I have been making paintings for nearly three decades, and—from the beginning—my work has focused on architecture and the built landscape. I am interested in the way that architecture can serve as a lens for understanding our society and the cultural, economic, and political shifts that have shaped it over time. Past series have explored suburban subdivisions, new construction sites, and abandoned homes and factories. What we build tells us a lot about who we are—as a people, as Americans—and about what (and who) we value and prioritize, versus what (and who) we cast aside.

Nowhere is our architecture more revealing than in our institutional buildings—often massive structures, designed to communicate our collective ideals and mythologies. In 2014 I began painting art world institutions—the white-walled, minimalist spaces of museums and galleries. With these paintings, I examine the nature and structure of exhibition space and the role it plays in framing and orienting our experience of art. The rooms and corridors depicted in these works are simultaneously austere and opulent; makeshift and highly controlled; impersonal and sacred.

Through my engagement with the museum paintings, I began to wonder about other forms of institutional space. In particular, I became curious to know more about prison architecture, because prisons are institutions that are generally kept hidden away from mainstream society. We are not meant to see inside our correctional facilities, despite the fact that we incarcerate more people per capita than any other country in the world. Indeed, America’s prisons are inextricably, painfully bound up in our national identity, at odds with our claim to be the “Land of the Free.” 

In 2021, I was extremely fortunate to receive a generous grant, The Marion International Fellowship for the Visual and Performing Arts, to support my prison architecture project. Around that same time, I expanded my artistic practice to include teaching with the University of Denver Prison Arts Initiative (DU PAI), a transformative organization which offers theater, dance, creative writing, and visual arts programming inside state-run facilities throughout Colorado. My work with DU PAI has been humbling and life-changing, and I have had the honor of collaborating with a number of gifted artists on the inside who have generously shared their experiences and perspectives with me, influencing my ongoing work in this area.

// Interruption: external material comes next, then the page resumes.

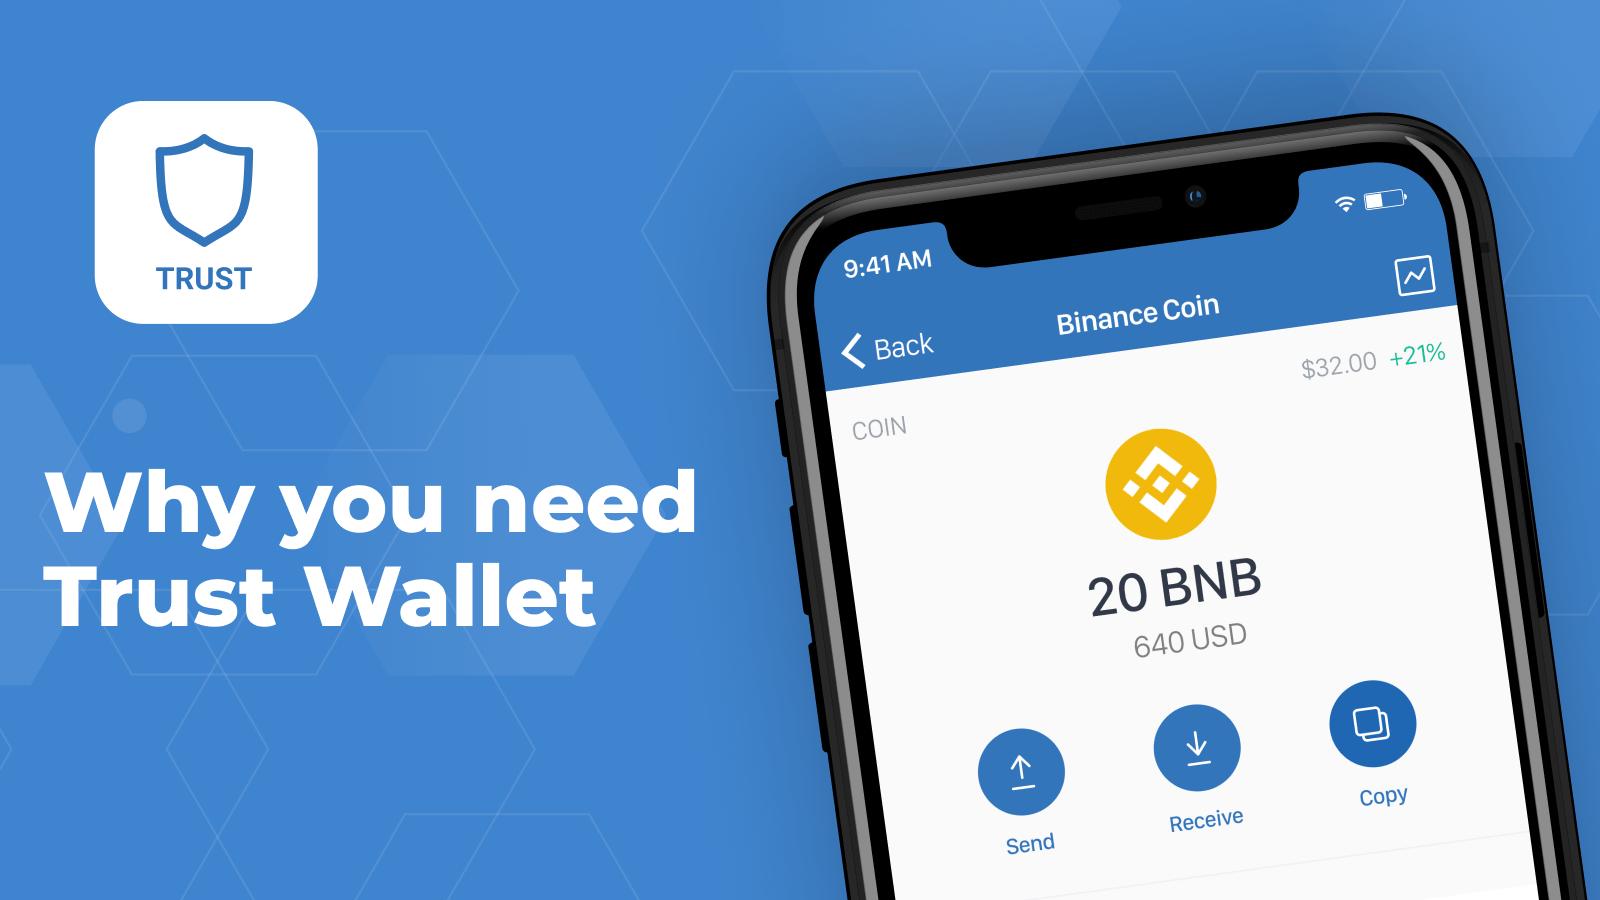 Trust Wallet Kullanmanız İçin On Neden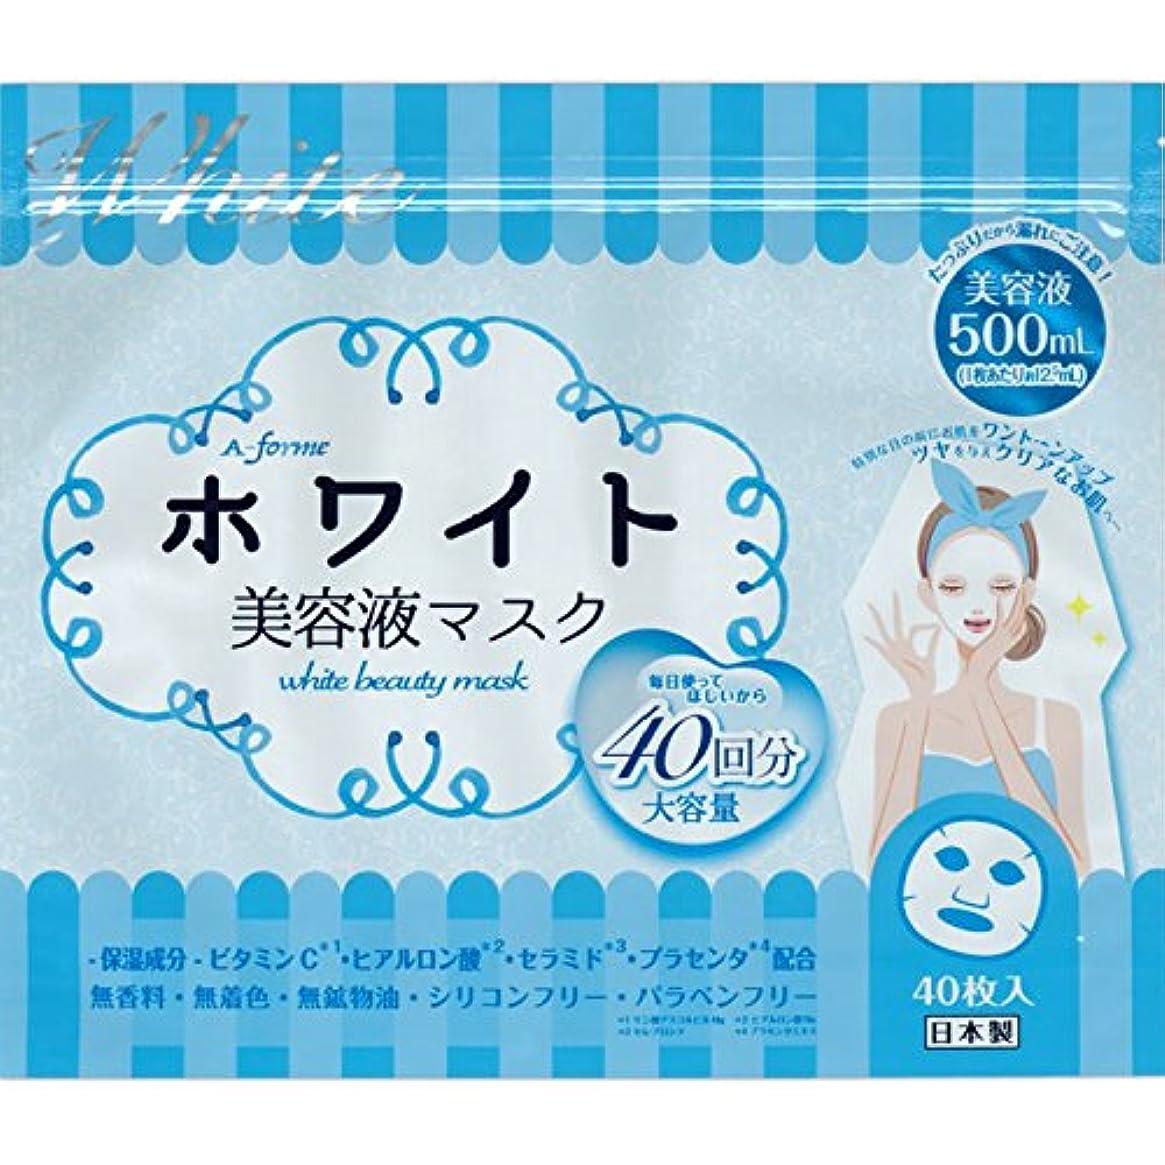 エーフォルム ホワイト美容液マスク40枚×9

Whether depicting exhibition space or carceral space, all my paintings hover in a zone between stark realism and abstraction. My compositions emphasize geometry, pattern, and surface. Playing with the materiality of paint, I work with both oils and acrylics and juxtapose various painting “styles” on each canvas, deliberately undermining the illusion of depth and the overall unity of the completed image. My work often appears photo-realistic when seen in reproduction, but, seen in person, the painted surface asserts itself forcefully, enabling the viewer to discover the process by which the image was constructed. In this way, I mean to call into question the perceived coherence and continuity of the architecture depicted.